Intro
applications powered by Large Language Models (LLMs) require integration with external services, for example integration with Google Calendar to set up meetings or integration with PostgreSQL to get access to some data.
Function calling
Initially these kinds of integrations were implemented through function calling: we were building some special functions that can be called by an LLM through some specific tokens (LLM was generating some special tokens to call the function, following patterns we defined), parsing and execution. To make it work we were implementing authorization and API calling methods for each of the tools. Importantly, we had to manage all the instructions for these tools to be called and build internal logic of these functions including default or user-specific parameters. But the hype around “AI” required fast, sometimes brute-force solutions to keep the pace, that is where MCPs were introduced by the Anthropic company.
MCPs
MCP stands for Model Context Protocol and today it is a standard way of providing tools to the majority of the agentic pipelines. MCPs basically manage both integration functions and LLM instructions to use tools. At this point some may argue that Skills and Code execution that were also introduced by the Anthropic lately have killed MCPs, but in fact these features also tend to use MCPs for integration and instruction management (Code execution with MCP — Anthropic). Skills and Code execution are focused on the context management problem and tools orchestration, that is a different problem from what MCPs are focused on.

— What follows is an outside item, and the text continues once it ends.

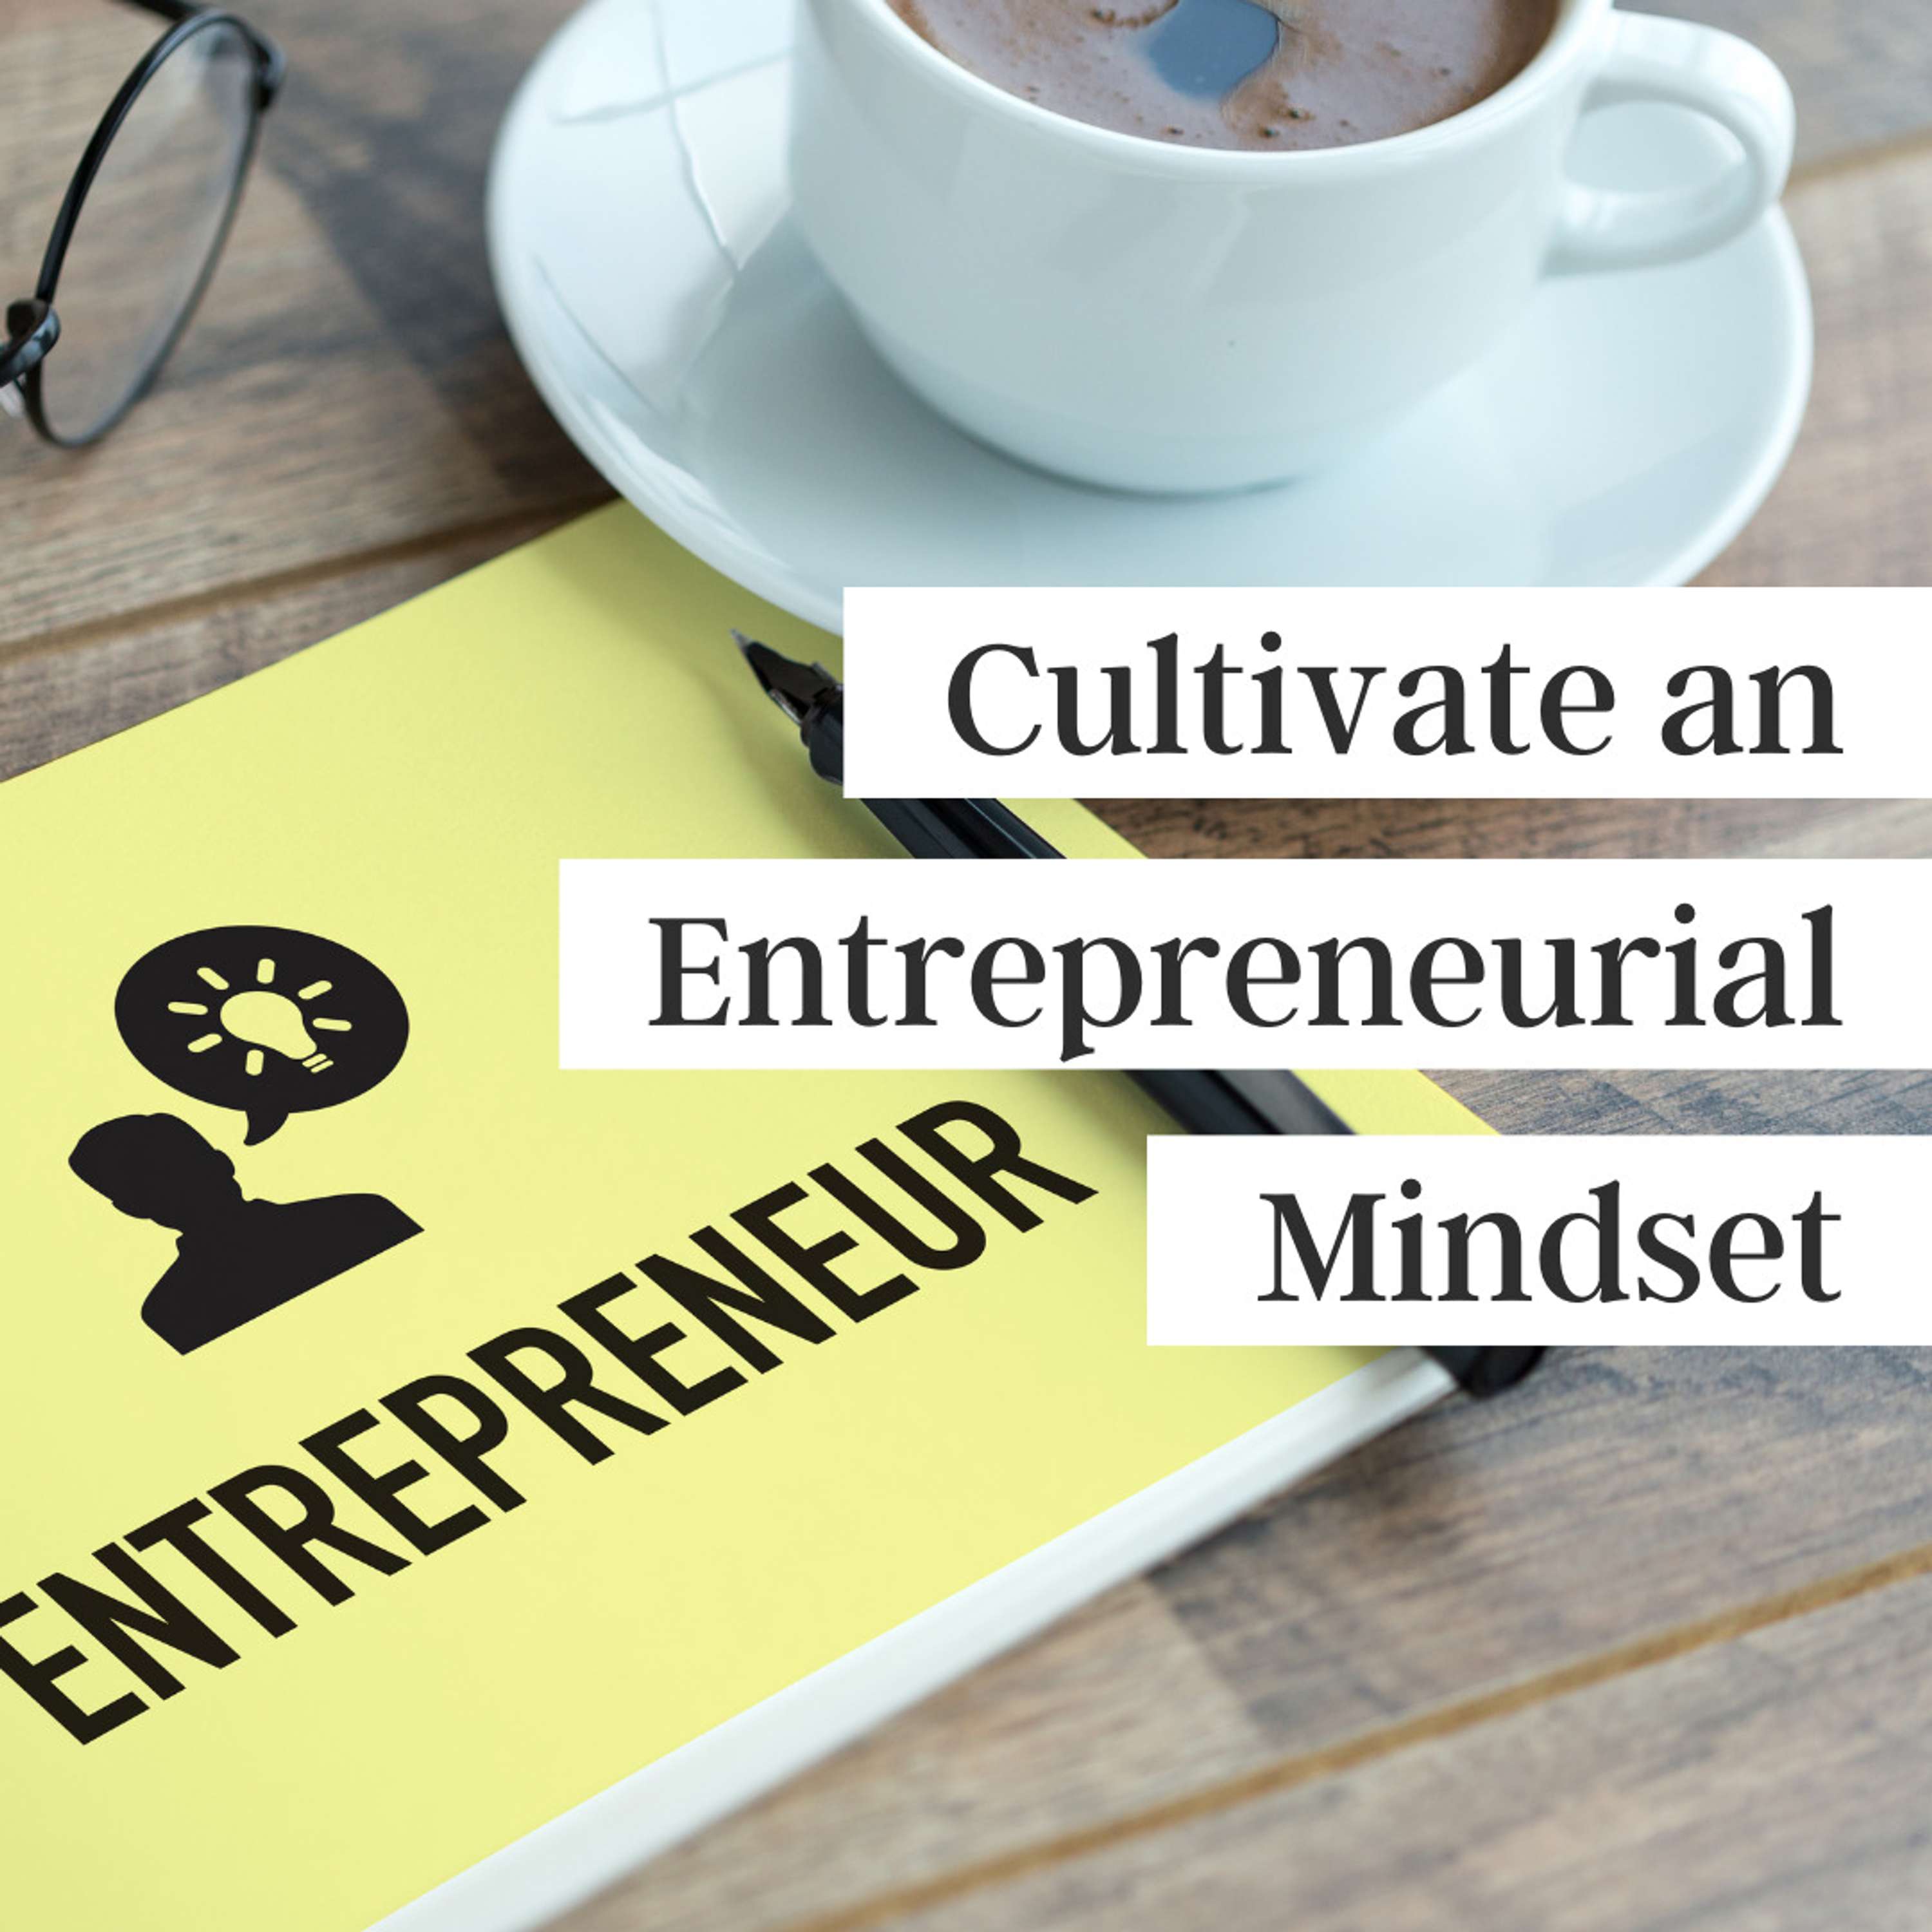 Cultivate an Entrepreneurial Mindset

MCPs provide a standard way to integrate different services (tools) with LLMs and also provide instructions LLMs use to call the tools. However, here are a couple of problems:
Current model context protocol supposes all the tool calling parameters to be exposed to the LLM, and all their values are supposed to be generated by the LLM. For example, that means the LLM has to generate user id value if function calling requires it. That is an overhead because the system, application knows user id value without the need for LLM to generate it, moreover to make LLM informed about the user id value we have to put it to the prompt (there is a “hiding arguments” approach in FastMCP from gofastmcp that is focused specifically on this problem, but I haven’t seen it in the original MCP implementation from Anthropic).
No out-of-the-box control over instructions. MCPs provide description for each tool and description for each argument of a tool so these values are just used blindly in the agentic pipelines as an LLM API calling parameters. And the description are provided by the each separate MCP server developer.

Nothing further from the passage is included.